Even simple code like this (in the CPU2 IPC ISR):

__interrupt void CPU01toCPU02IPC0IntHandler (void)
{
ipcMsgCount++;
IPCRtoLFlagAcknowledge(IPC_FLAG0);

// Acknowledge IPC INT0 Flag and PIE to receive more interrupts
IpcRegs.IPCACK.bit.IPC0 = 1;
PieCtrlRegs.PIEACK.all = PIEACK_GROUP1;

if (++LowSpeedLoopWaitCounter == 8)
{
LowSpeedLoopWaitCounter = 0;
EVOKE_5_KHZ_ISR();
}
}

ipcMsgCount is ALWAYS zero, yet I am able to break within this function; this alone is concerning -- either that ipcMsgCount++ is not executing or the debugger is not showing me the correct memory location.

Also LowSpeedLoopWaitCounter is ALWAYS zero, so my EVOKE_5_KHZ_ISR() macro is never called. However if I change the condition to "if (++LowSpeedLoopWaitCounter == 0)", then the macro is called every execution -- note if LowSpeedLoopWaitCounter was properly incremented, then my condition should never be true .

It is almost as if this CPU2 compiler does not work, and/or this CPU2 debugger (using Spectrum Digital XDS510-USB) does not work, or CPU2 does not work. I know these are pre-production parts, so I expect to find some issues. Please let me know if I am trying something that is still not functional. I don't want to waste me time here.

Thanks,
Jim

try acknowledging the interrupt at the end of ISR instead of at the beginning of the ISR.

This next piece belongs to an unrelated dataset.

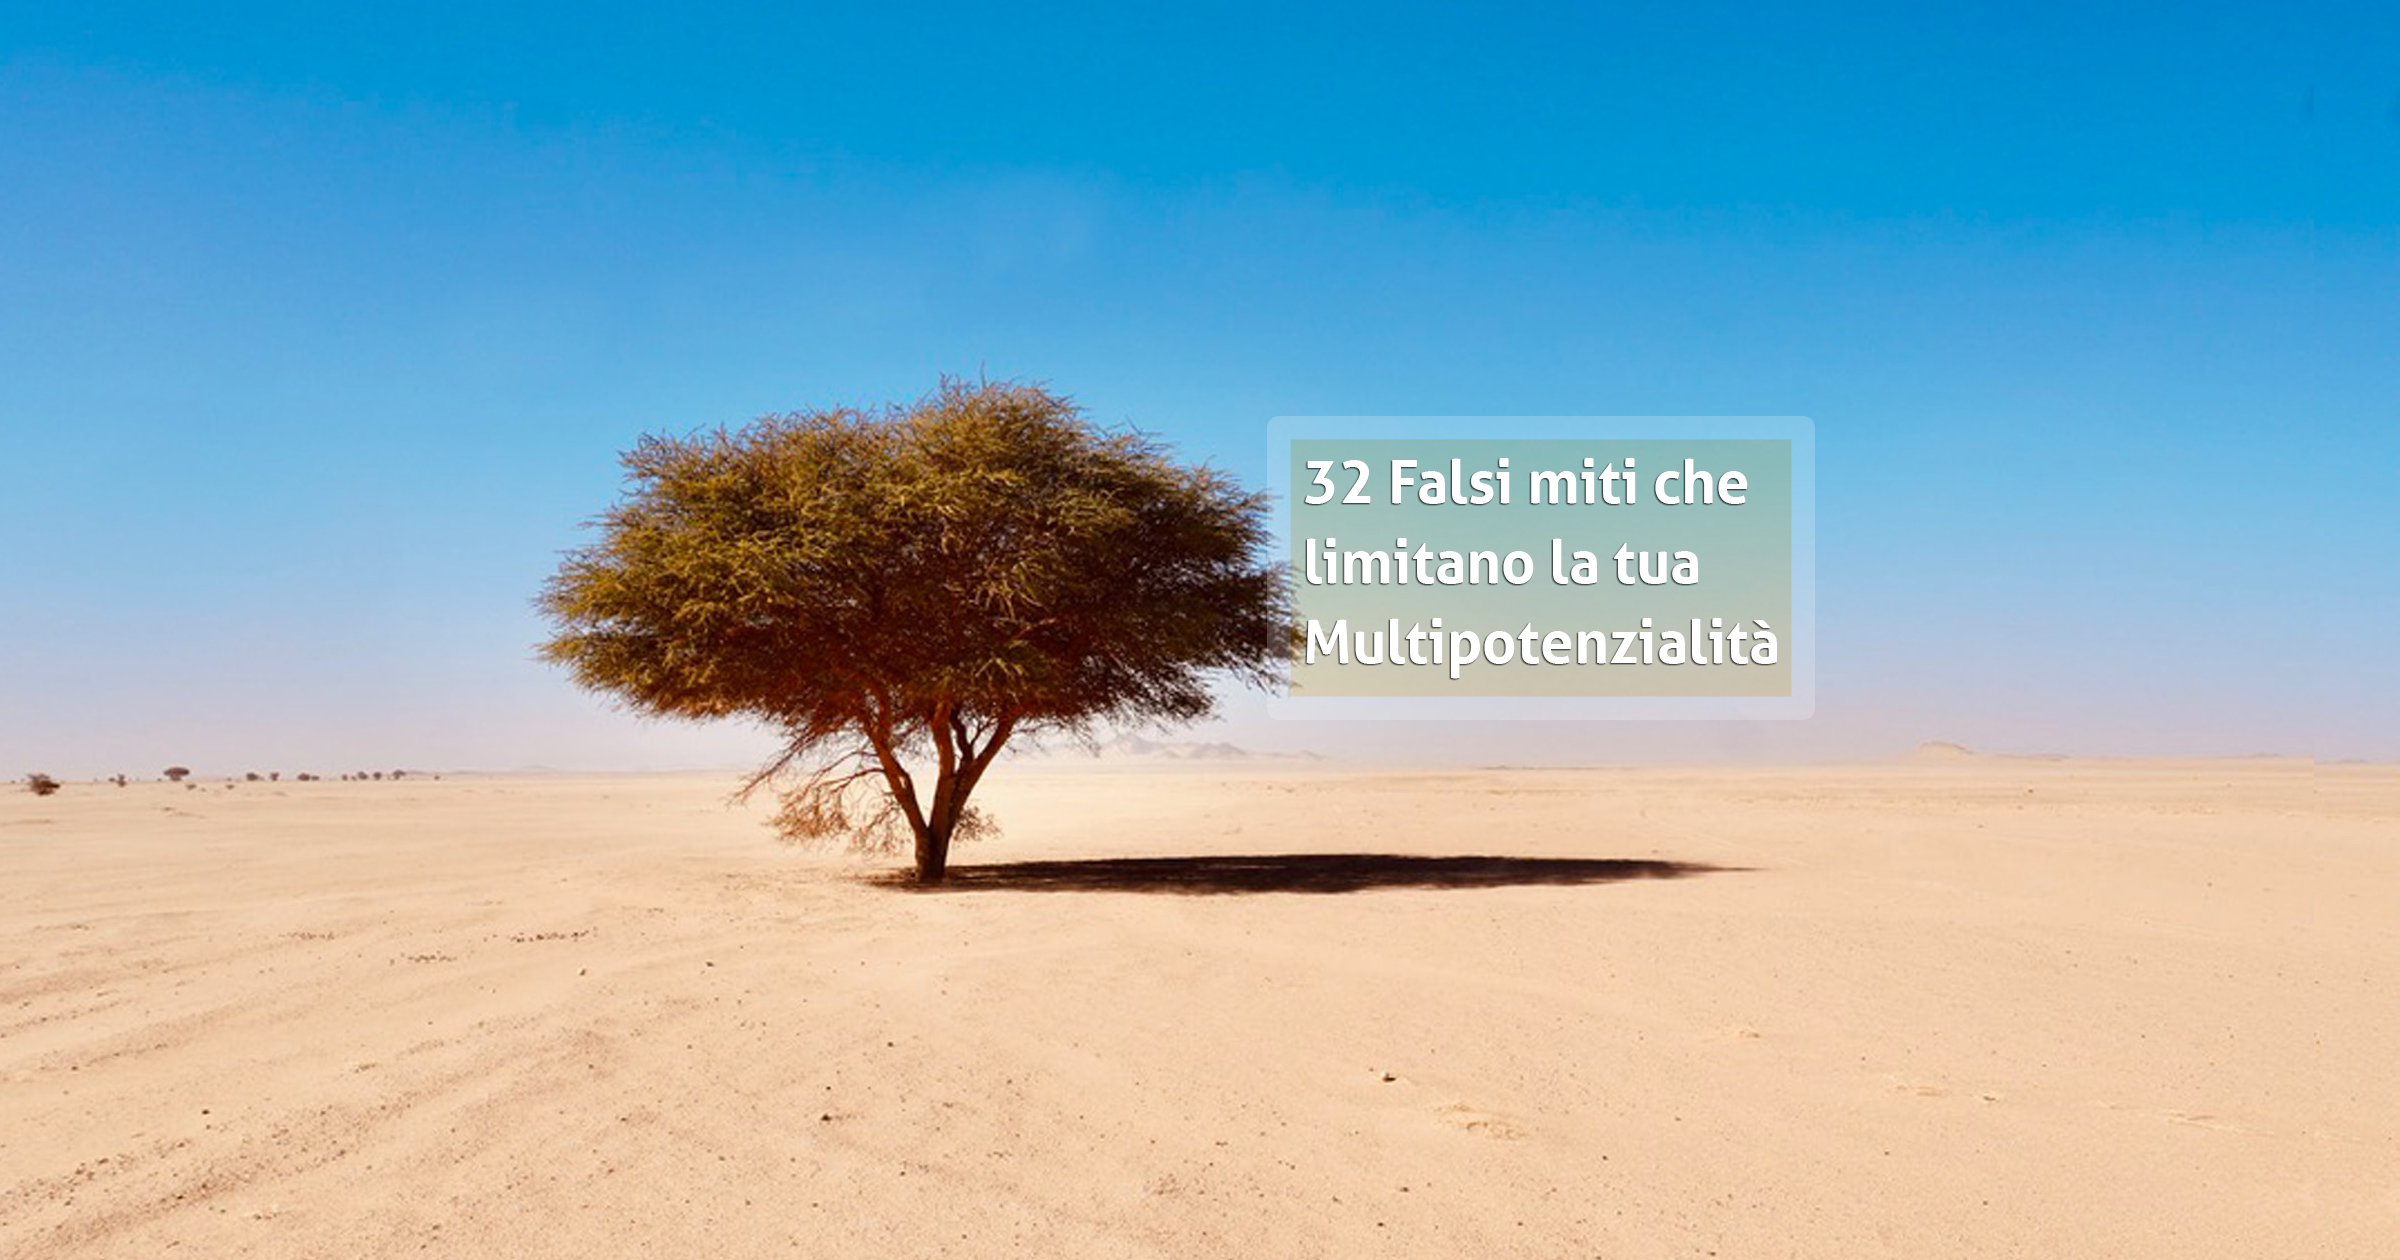 32 Falsi miti che limitano la tua multipotenzialità

I'm not sure why you aren't seeing ipcMsgCount being incremented even though you are able to hit a break point in ISR. That is wierd, are you using any optimizations?

hope this helps.

Best regards
Santosh

Jim,

IPC should be functional on all samples. Have you tried looking at the disassembly of the ISR and single-stepping to see what's going on?

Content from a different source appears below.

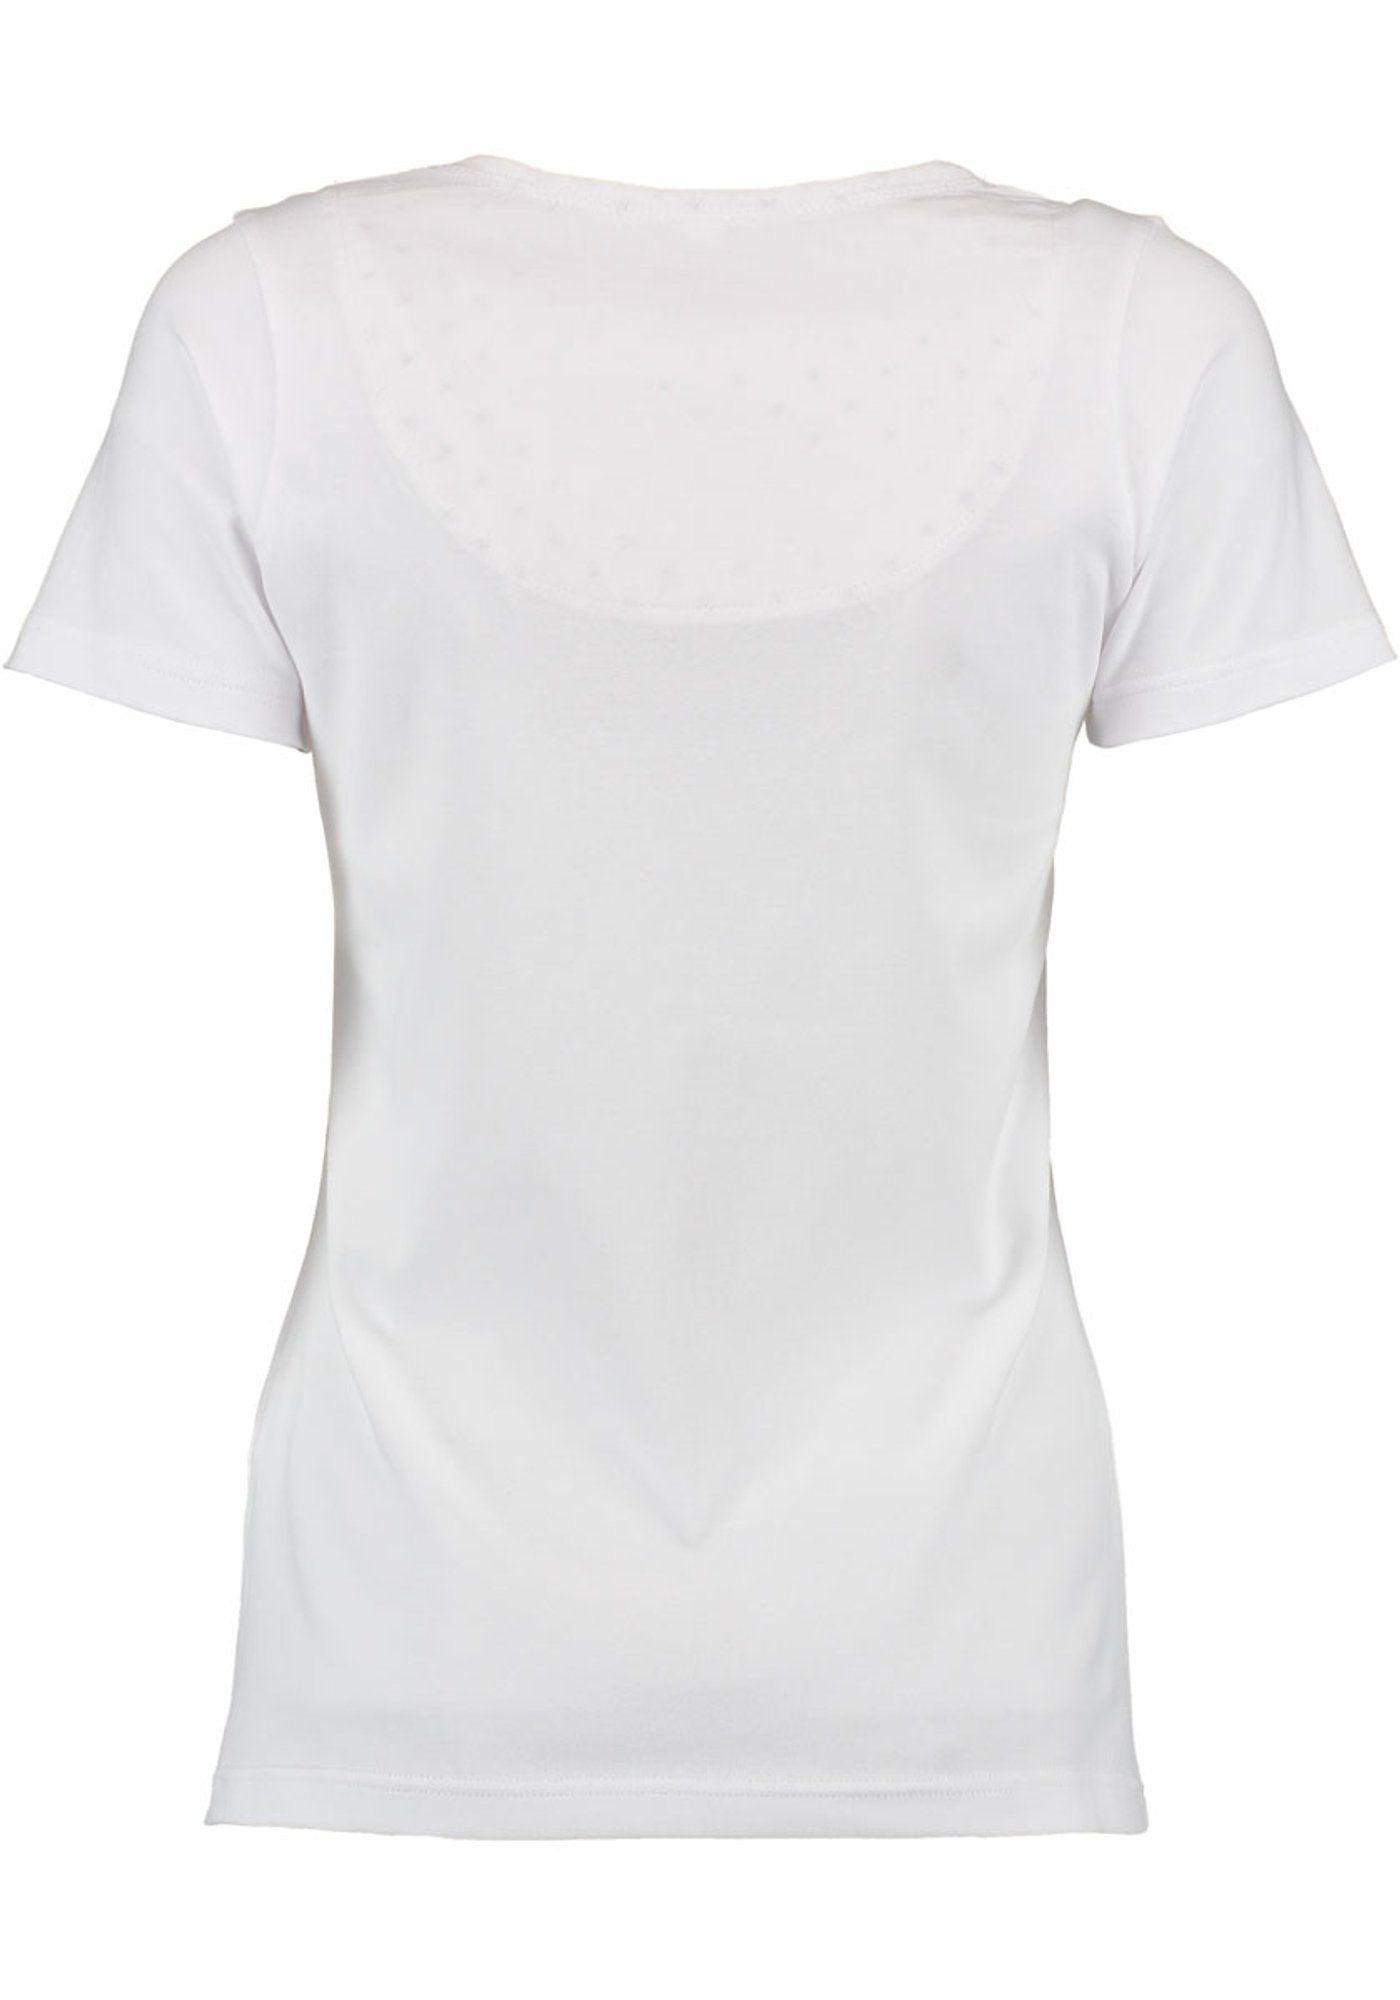 Trachtenshirt Brust T-Shirt Uginoy OS-Trachten der mit auf Strass-Hirsch weiß Kurzarm

I tried moving the interrupt-ACK to the end of the ISR, but no change. The disassembly looks very similar (same code) between CPU1 and CPU2, but those global variables do not increment in CPU2. Interesting though, that I can change those variables in the Expressions window in the debugger, but the run-time code doesn't change them.
My boss had an idea -- is there any kind of CPU2 memory-enable or RAM-clock-enable, or anything that would prevent the CPU2 access to RAM? My behavior is consistent with the CPU2 not being able to write to RAM.
Jim

Are your CPU2 variables in the GSx RAMs (addresses 0xC000 - 0x1BFFF)? If so, you'll need to give CPU2 mastership by having CPU1 write to the GSxMSEL register. See section 2.11.1.3 of the TRM (Global Shared RAM (GSx RAM)) for more information.

It was the GSxMSEL register -- thank you.

Regarding the use of Local Shared RAM between CPUs, it looks like the system will arbitrate the use of that LS RAM between CPUs at run-time. Should I rely on that arbitration, or would it be better to separate the allocation of that RAM between CPUs in the linker command file?

Jim

Hi Jim,

Local Shared RAMs (LSxRAM) are not shared between CPUs. LSxRAMs are dedicated RAMs for each CPU sub-system and shared between CPU and it's CLA only.

Regards,

Vivek Singh

To clarify Vivek's answer, there are two sets of LSx RAMs, one for each CPU.